Lorne gave no reply and for a while the only noise that broke the quiet was the ringing of hammers and the occasional bellow from the herd of heifers close to the barn.

But as they worked Lorne’s words as well as his confidence in what he was doing spun around Nicholas’s mind.

“Oh, brother. What’s this doing on here?” Lorne brushed some sparrow droppings off the boards. “Those birds are getting to be a pest. You really need to do something about ’em.”

“And a million other things,” Nicholas said. “I can’t keep up.”

“Have you ever thought of quitting your job?”

“You sound like Cara used to,” Nicholas muttered.

“So what happened with you and Cara?” Lorne asked.

Nicholas missed the nail he was hammering and bent it over. “Nothing. We just had a spill. She fell and then Bud took off. So I thought I should bring her back. So, nothing happened.”

Lorne snickered and Nicholas straightened the nail. “I was talking about how you two broke up, dude.”

“I…I told you,” he said, wishing he didn’t sound so flustered. “We had a fight about my job.”

“So I’m guessing something else happened between you and Cara on Sunday,” Lorne asked, his voice full of innuendo.

Nicholas pounded the nail home in three swipes. He had never been a kiss-and-tell kind of guy and wasn’t spilling his guts to a friend in wedding mode. “She had a spill. Nothing else happened.”

“Else?”

He clamped his lips together. Best not to say anything more.

But as he fitted another nail in the board, his mind slipped back to that fateful kiss. He wished he could rewind that moment. He should never, never have done that. It was a mistake and he had to make sure he got through this wedding with his heart whole.

Chapter Nine

“A
nd I’ll take two dozen of these gerberas,” Cara said to the greenhouse attendant, leaning over the wooden table to point out the one she wanted.

The swish of the sprinklers, the abundant greenery and the humid warmth of the greenhouse created a sense of wonder and expectation in Cara.

She wished she had her own place, a garden and flower beds. She let her mind wander to Nicholas’s house, imagining plants nestled against the wooden step leading up to the house and flowers hanging from the porch. The place looked immaculate, but it needed a woman’s touch. Some flowers, some shrubs. A kitchen garden—

“And you wanted a dozen of the prepotted arrangements?” the clerk asked, his question breaking into her runaway and foolish thoughts.

She tapped her finger on her chin, considering. “Actually, make that fifteen.”

She did some mental calculations, figuring what plants she would need where, and then her phone rang. She glanced at the call display. Trista.

“Hey, Cara, are you at the nursery already?” she demanded.

“I got off work early.”

“Okay. Okay, that should work. Let me think.”

Cara frowned as she pinched a dead flower off one of the plants. “What should work?”

“I got Nicholas to meet you at the nursery. I thought we should bring the plants to the ranch right away. That way they don’t have to get moved twice.”

Cara swallowed against the anticipation that filled her at the sound of Nicholas’s name. She didn’t want to see him so soon. Not after Sunday.

Of its own accord her hand drifted up to her mouth. It was as if his kiss still lingered on her lips. His touch still warmed her.

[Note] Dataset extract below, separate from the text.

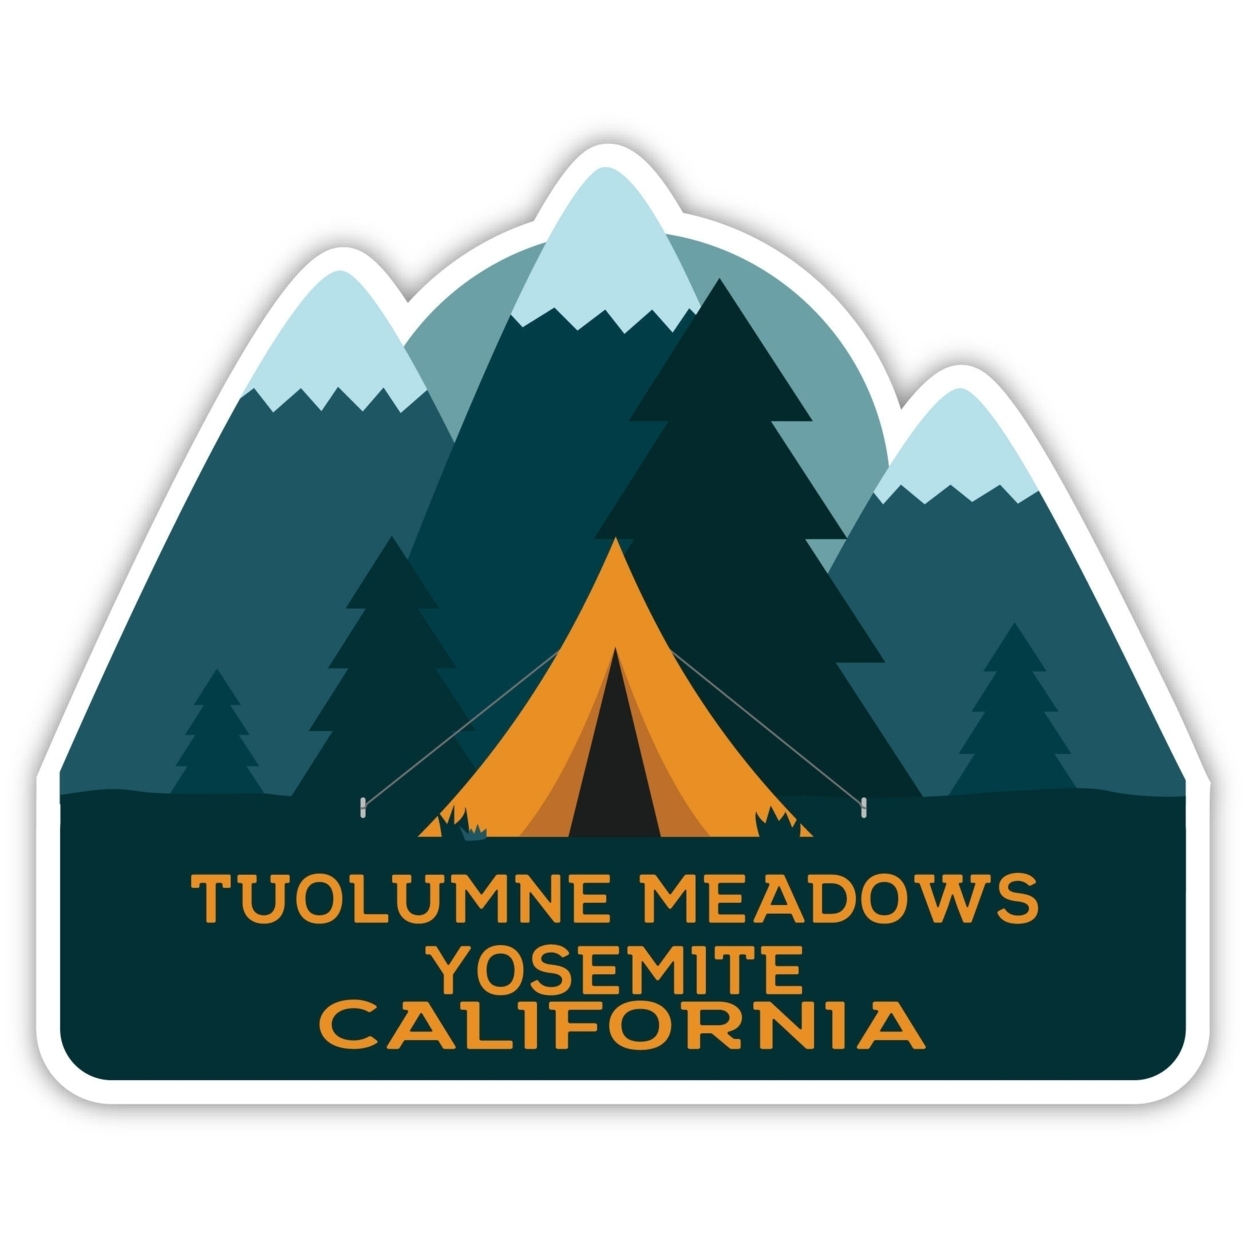 Tuolumne Meadows Yosemite California Souvenir Decorative Stickers (Choose Theme And Size) - Single Unit, 2-Inch, Camp Life

“That won’t work,” she protested. “Who is going to water them?”

“Nicholas said he didn’t mind.”

A picture of Nicholas wielding a watering can flashed into Cara’s mind. “He doesn’t have time. Any day now he’s baling his hay.”

“And you know that…how?”

Cara chose to ignore the innuendo in Trista’s voice. “When is Nicholas coming?”

“He should be there in about five minutes. He’s taking his flatbed truck so you should be able to put all the plants on it. I gotta run. Thanks a ton for doing this.” And then Trista broke the connection.

Cara put her phone away, disappointed to see her hands trembling. Nicholas was coming.

She had hoped to avoid him for a few more days. At least until her heart didn’t do that silly pounding thing every time she thought of him. At least until her emotions could settle down.

She’d just have to speed up the process.

She was paying for the plants when, in the edge of her vision, she caught a shadow in the doorway of the nursery. The fine hairs on her arm rose up, her neck grew warm and she knew, without looking up, that Nicholas stood there.